ネットブック/DDR3の躍進、サンCEO退任、ネット中立化の法制化…

(2008年12月26日)

 ちょうど1年前に掲載した2008年の予測記事では、「Linux大躍進」「Oracleによる有力ベンダーの買収」など大きく外してしまったものがある一方で、「Windows XPのOEMライセンス提供の再延長」「グリーンITの普及」「オバマ氏の米国大統領選勝利」など、いくつかの予想が的中した。しかし、それに甘んじている暇はない。早速、2009年のIT業界動向について業界アナリストの見解をまとめてみたい。

 ただ、ここで1つだけ断っておきたいことがある。それは、「MicrosoftによるYahoo全社あるいは少なくとも広告検索事業の買収」をあえてエントリーしなかったことである。その理由は、まだ2008年中に起こる可能性がわずかだが残されているからだ。それを踏まえたうえで、2009年の10大予想(順不同)を今後の参考にしていただければ幸いだ。

 なお、本稿の執筆にあたっては、IDG News Serviceの各支局のスタッフやIT専門家の意見を参考にした。

2009年半ばまでに景気回復の兆しも

 2009年を通じて――あるいはその大半を――経済関連のニュースが多くの媒体をにぎわすであろうことはあらためて強調するまでもないだろう。

 アウトソーシング市場向けのプロダクト・エンジニアリング・サービスを手がける米国Symphony Servicesの社長兼CEO、Gordon Brooks(ゴードン・ブルックス)氏は、「この不況がいつまで続くのかわかる人などいない」と言い切る。

 同氏は、銀行首脳や経済学者の話を聞き、自分なりにそれを“消化”しながら不況という嵐の中でSymphony Servicesの舵取りを行うという重責を担っている。

 しかし、われわれは勇気を振り絞って、「2009年半ばまでに景気回復の兆しが見える」と大胆な予測を立てた。
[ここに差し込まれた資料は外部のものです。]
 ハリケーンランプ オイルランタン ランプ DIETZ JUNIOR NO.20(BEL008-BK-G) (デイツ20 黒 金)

ブルック氏が言うように全般的に危機的な状況が続くことは確かだが、年末までに景気は上向くと見ている。

 とはいえ、今後は、無駄なもの、うまくいかないものが、どんどん取り除かれていくという点については、われわれもルック氏の見方に同意する。つまり、これからレイオフはさらに進むということだ。
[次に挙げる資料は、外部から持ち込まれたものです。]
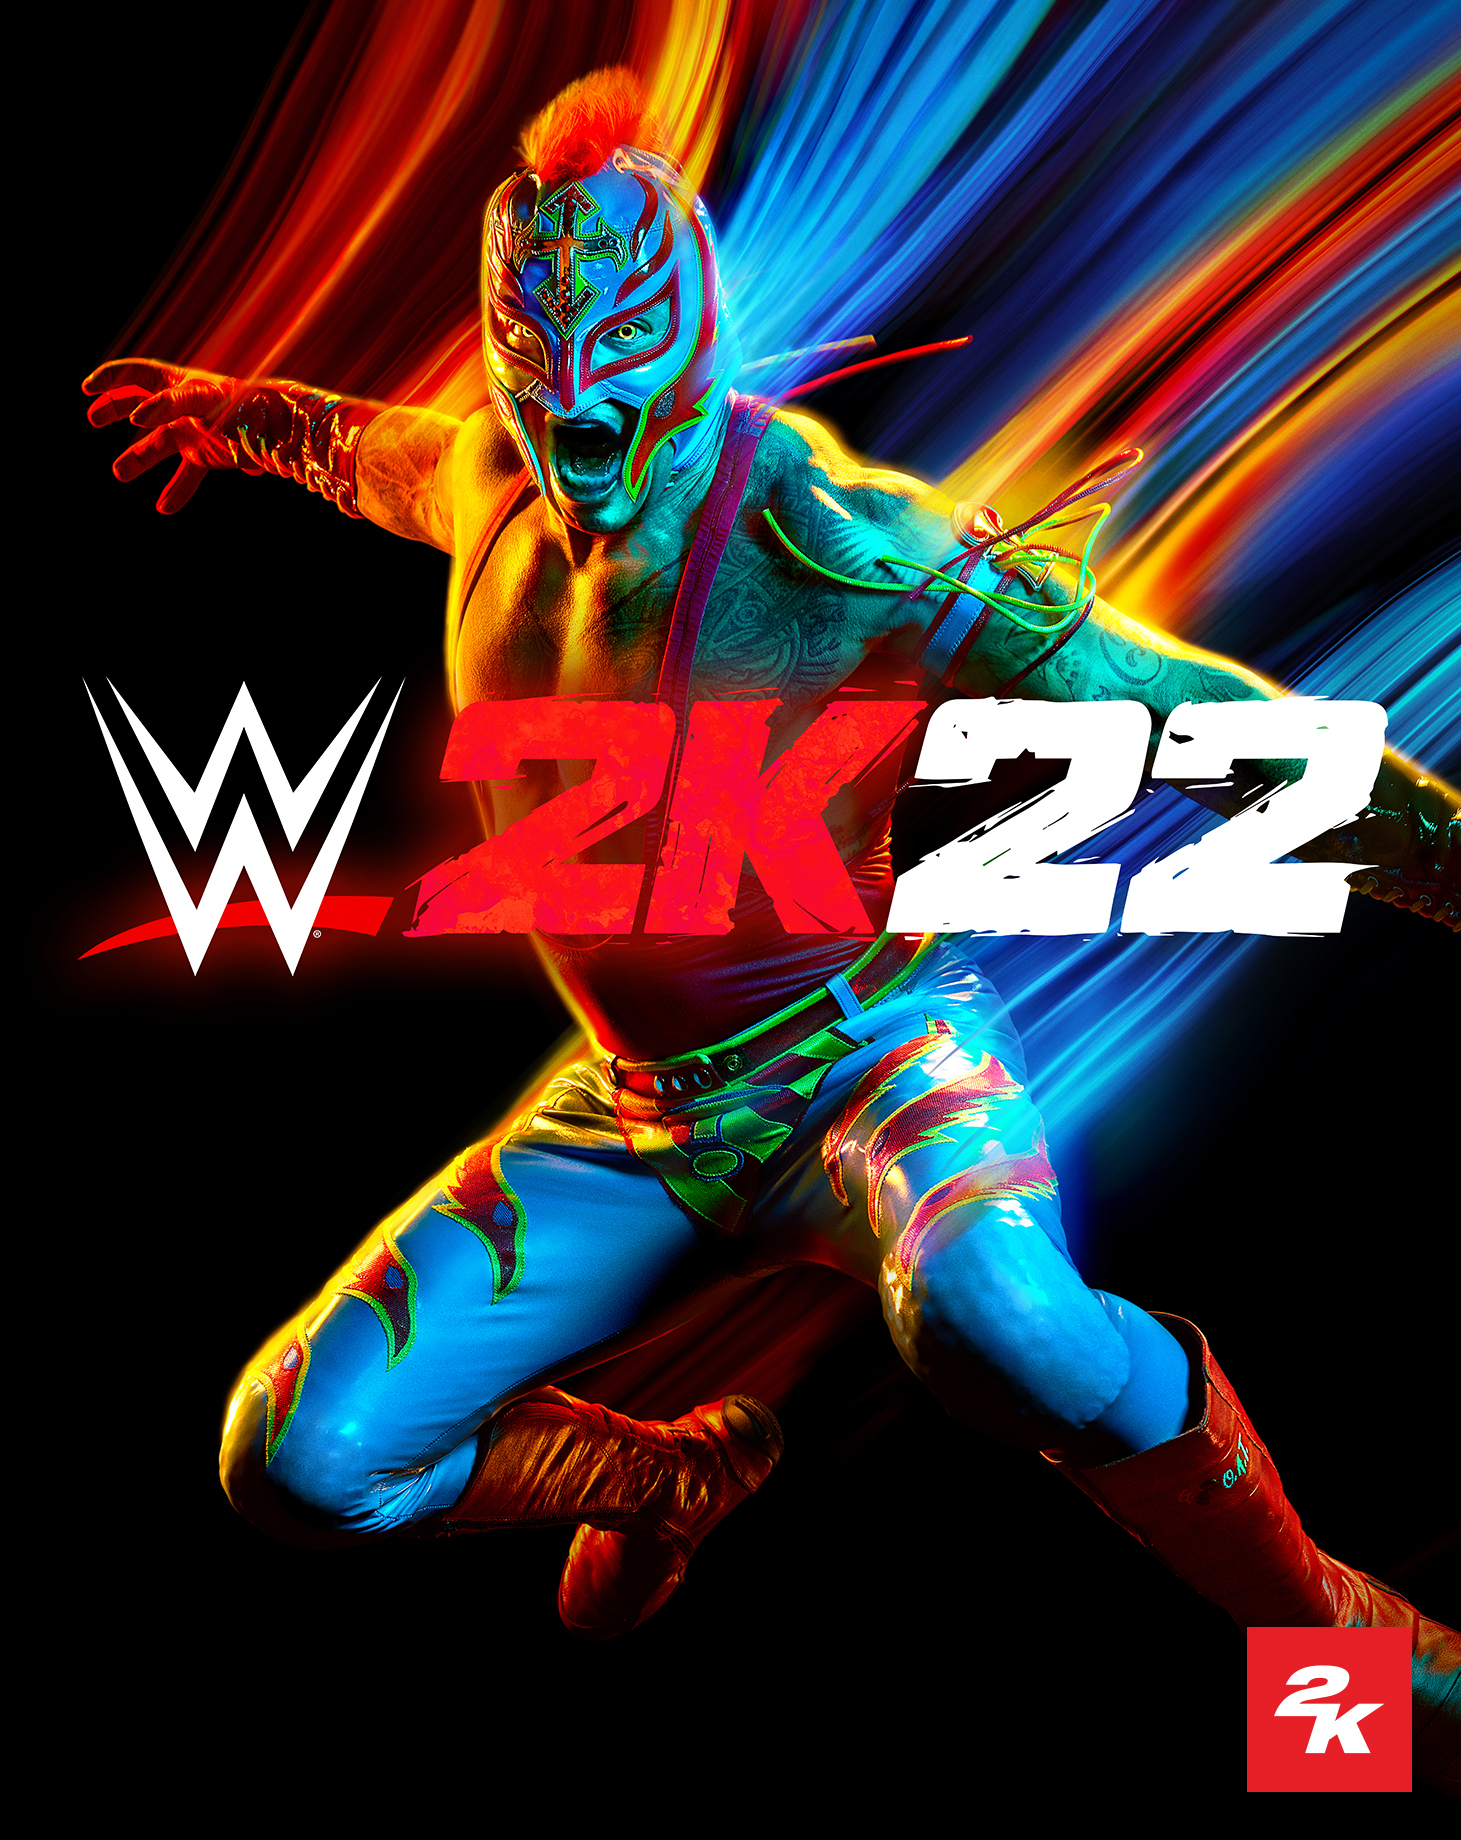 33+] WWE 2K22 Wallpapers - WallpaperSafari

 企業のIT部門は、規模を適切に縮小しながらこの不況を乗り越えなければならない。2009年はとりわけハードウェアとコンシューマー・エレクトロニクスの不振が続くとみられる。具体的な(マイナスも含めた)成長率については、われわれではなく、米国の格付け会社Fitchのアナリストの予測を紹介しておくことにする。同社では、2009年は企業各社がアップグレードを控えることから、世界PC(出荷)台数の成長率はゼロまたは3%減になると見ている。